I will look in to this and get back to you sometime next week.

Regards,
Bhanuprakash.

>

>What's the behavior of other DPDK applications?

>Thanks,

>Daniele

>

>2016-07-27 5:28 GMT-07:00 Kavanagh, Mark B <mark.b.kavanagh@intel.com>:

>>

>>Set the DPDK pmd thread scheduling policy to SCHED_RR and static

>>priority to highest priority value of the policy. This is to deal with

>>pmd thread starvation case where another cpu hogging process can get

>>scheduled/affinitized on to the same core the pmd thread is running

>>there by significantly impacting the datapath performance.

>>

>>Setting the realtime scheduling policy to the pmd threads is one step

>>towards Fastpath Service Assurance in OVS DPDK.

>>

>>The realtime scheduling policy is applied only when CPU mask is passed

>>to 'pmd-cpu-mask'. For example:

>>

>>    * In the absence of pmd-cpu-mask, one pmd thread shall be created

>>      and default scheduling policy and priority gets applied.

>>

>>    * If pmd-cpu-mask is specified, one or more pmd threads shall be

>>      spawned on the corresponding core(s) in the mask and real time

>>      scheduling policy SCHED_RR and highest priority of the policy is

>>      applied to the pmd thread(s).

>>

>>To reproduce the pmd thread starvation case:

>>

>>ovs-vsctl set Open_vSwitch . other_config:pmd-cpu-mask=6

>>taskset 0x2 cat /dev/zero > /dev/null &

>>

>>With this commit, it is recommended that the OVS control thread and pmd

>>thread shouldn't be pinned to same core ('dpdk-lcore-mask','pmd-cpu-mask'

>>should be non-overlapping). Also other processes with same affinity as

>>PMD thread will be unresponsive.

>>

>>Signed-off-by: Bhanuprakash Bodireddy

><bhanuprakash.bodireddy@intel.com>

>

>LGTM - Acked-by: mark.b.kavanagh@intel.com

>

>>---

>>v4->v5:

>>* Reword Note section in DPDK-ADVANCED.md

>>

>>v3->v4:

>>* Document update

>>* Use ovs_strerror for reporting errors in lib-numa.c

>>

>>v2->v3:

>>* Move set_priority() function to lib/ovs-numa.c

>>* Apply realtime scheduling policy and priority to pmd thread only if

>>  pmd-cpu-mask is passed.

>>* Update INSTALL.DPDK-ADVANCED.

>>

>>v1->v2:

>>* Removed #ifdef and introduced dummy function

>"pmd_thread_setpriority"

>>  in netdev-dpdk.h

>>* Rebase

>>

>> INSTALL.DPDK-ADVANCED.md | 17 +++++++++++++----

>> lib/dpif-netdev.c        |  9 +++++++++

>> lib/ovs-numa.c           | 18 ++++++++++++++++++

>> lib/ovs-numa.h           |  1 +

>> 4 files changed, 41 insertions(+), 4 deletions(-)

>>

>>diff --git a/INSTALL.DPDK-ADVANCED.md b/INSTALL.DPDK-ADVANCED.md

>>index 9ae536d..d76cb4e 100644

>>--- a/INSTALL.DPDK-ADVANCED.md

>>+++ b/INSTALL.DPDK-ADVANCED.md

>>@@ -205,8 +205,10 @@ needs to be affinitized accordingly.

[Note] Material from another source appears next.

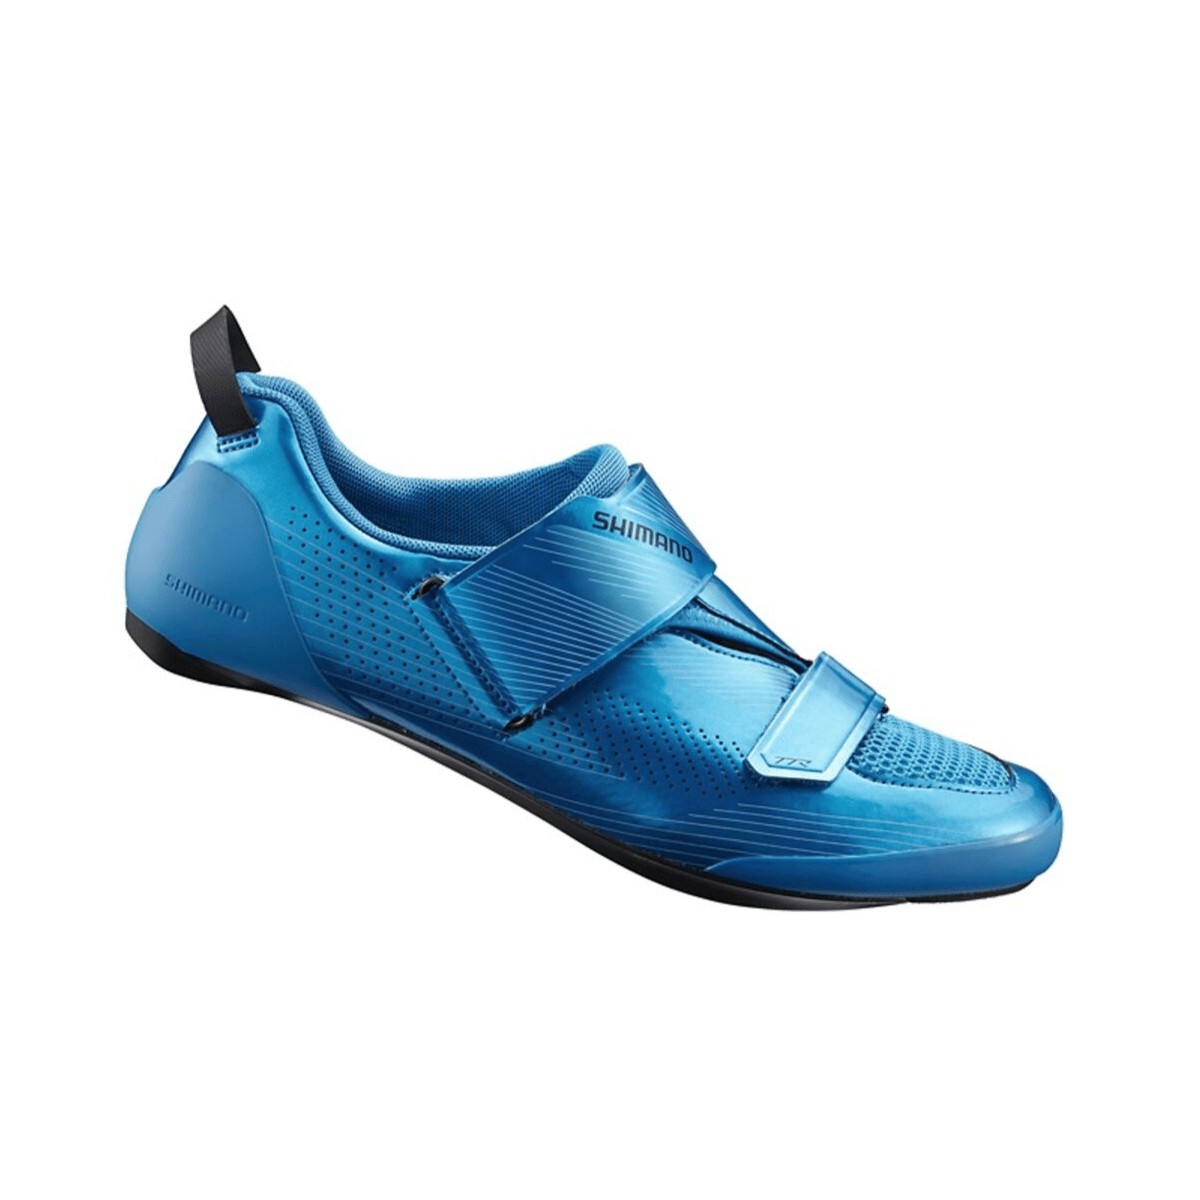 46 EUR günstig Kaufen-Shimano TR9 Triathlonschuhe blau, Größe 46 - EUR. Shimano TR9 Triathlonschuhe blau, Größe 46 - EUR .

>>     pmd thread is CPU bound, and needs to be affinitized to isolated

>>     cores for optimum performance.

>>

>>-    By setting a bit in the mask, a pmd thread is created and pinned

>>-    to the corresponding CPU core. e.g. to run a pmd thread on core 2

>>+    By setting a bit in the mask, a pmd thread is created, pinned

>>+    to the corresponding CPU core and the scheduling policy SCHED_RR

>>+    along with maximum priority of the policy applied to the pmd thread.

>>+    e.g. to pin a pmd thread on core 2

>>

>>     `ovs-vsctl set Open_vSwitch . other_config:pmd-cpu-mask=4`

>>

>>@@ -234,8 +236,10 @@ needs to be affinitized accordingly.

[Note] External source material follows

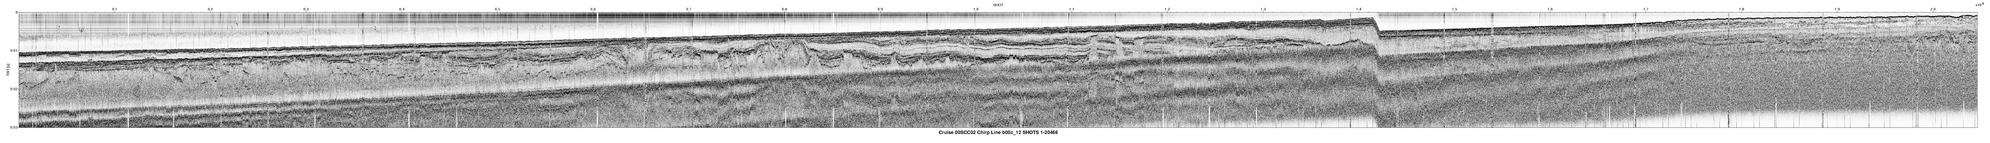 00SCC02 b00c_12 seismic profile image

>>   responsible for different ports/rxq's. Assignment of ports/rxq's to

>>   pmd threads is done automatically.

>>

>>-  A set bit in the mask means a pmd thread is created and pinned

>>-  to the corresponding CPU core. e.g. to run pmd threads on core 1 and 2

>>+  A set bit in the mask means a pmd thread is created, pinned to the

>>+  corresponding CPU core and the scheduling policy SCHED_RR with highest

>>+  priority of the scheduling policy applied to pmd thread.

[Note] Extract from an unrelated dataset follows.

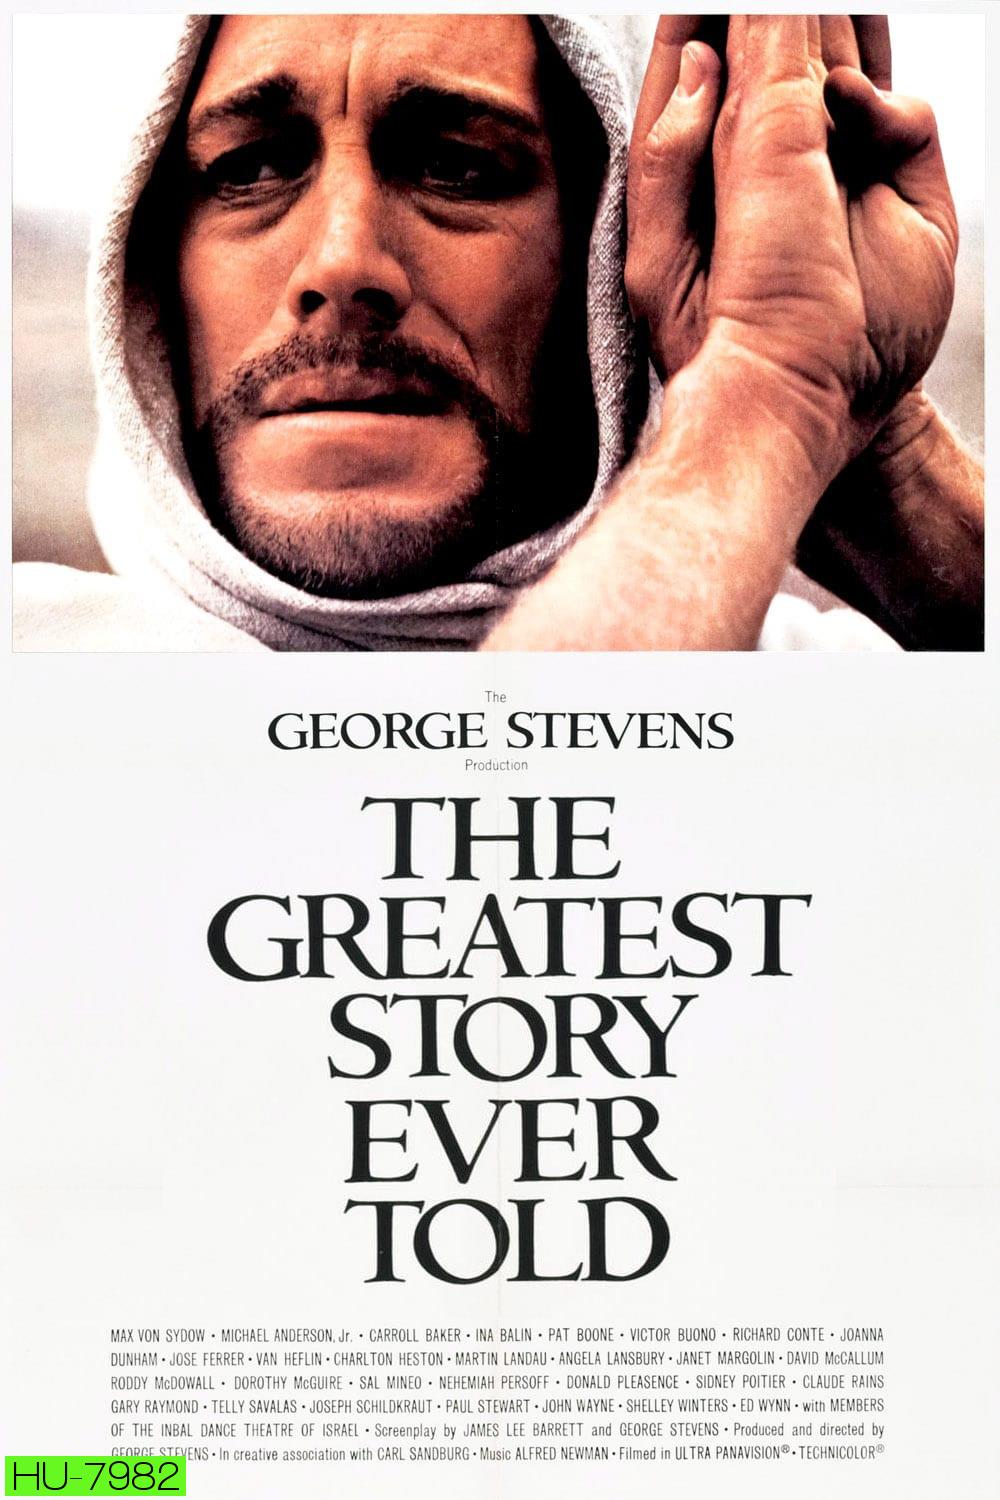 เรื่องราวชีวประวัติของพระเยซูคริสต์ The Greatest Story Ever Told (1965)

>>+  e.g. to run pmd threads on core 1 and 2

>>

>>   `ovs-vsctl set Open_vSwitch . other_config:pmd-cpu-mask=6`

>>

>>@@ -246,6 +250,11 @@ needs to be affinitized accordingly.

>>

>>   NIC port0 <-> OVS <-> VM <-> OVS <-> NIC port 1

>>

>>+  Note: It is recommended that the OVS control thread and pmd thread

>>+  shouldn't be pinned to same core i.e 'dpdk-lcore-mask' and 'pmd-cpu-

>mask'

>>+  cpu mask settings should be non-overlapping. Also other processes with

>>+  same affinity as PMD thread will be unresponsive.

>>+

>> ### 4.3 DPDK physical port Rx Queues

>>

>>   `ovs-vsctl set Interface <DPDK interface> options:n_rxq=<integer>`

>>diff --git a/lib/dpif-netdev.c b/lib/dpif-netdev.c

>>index f05ca4e..b85600b 100644

>>--- a/lib/dpif-netdev.c

>>+++ b/lib/dpif-netdev.c

>>@@ -2841,6 +2841,15 @@ pmd_thread_main(void *f_)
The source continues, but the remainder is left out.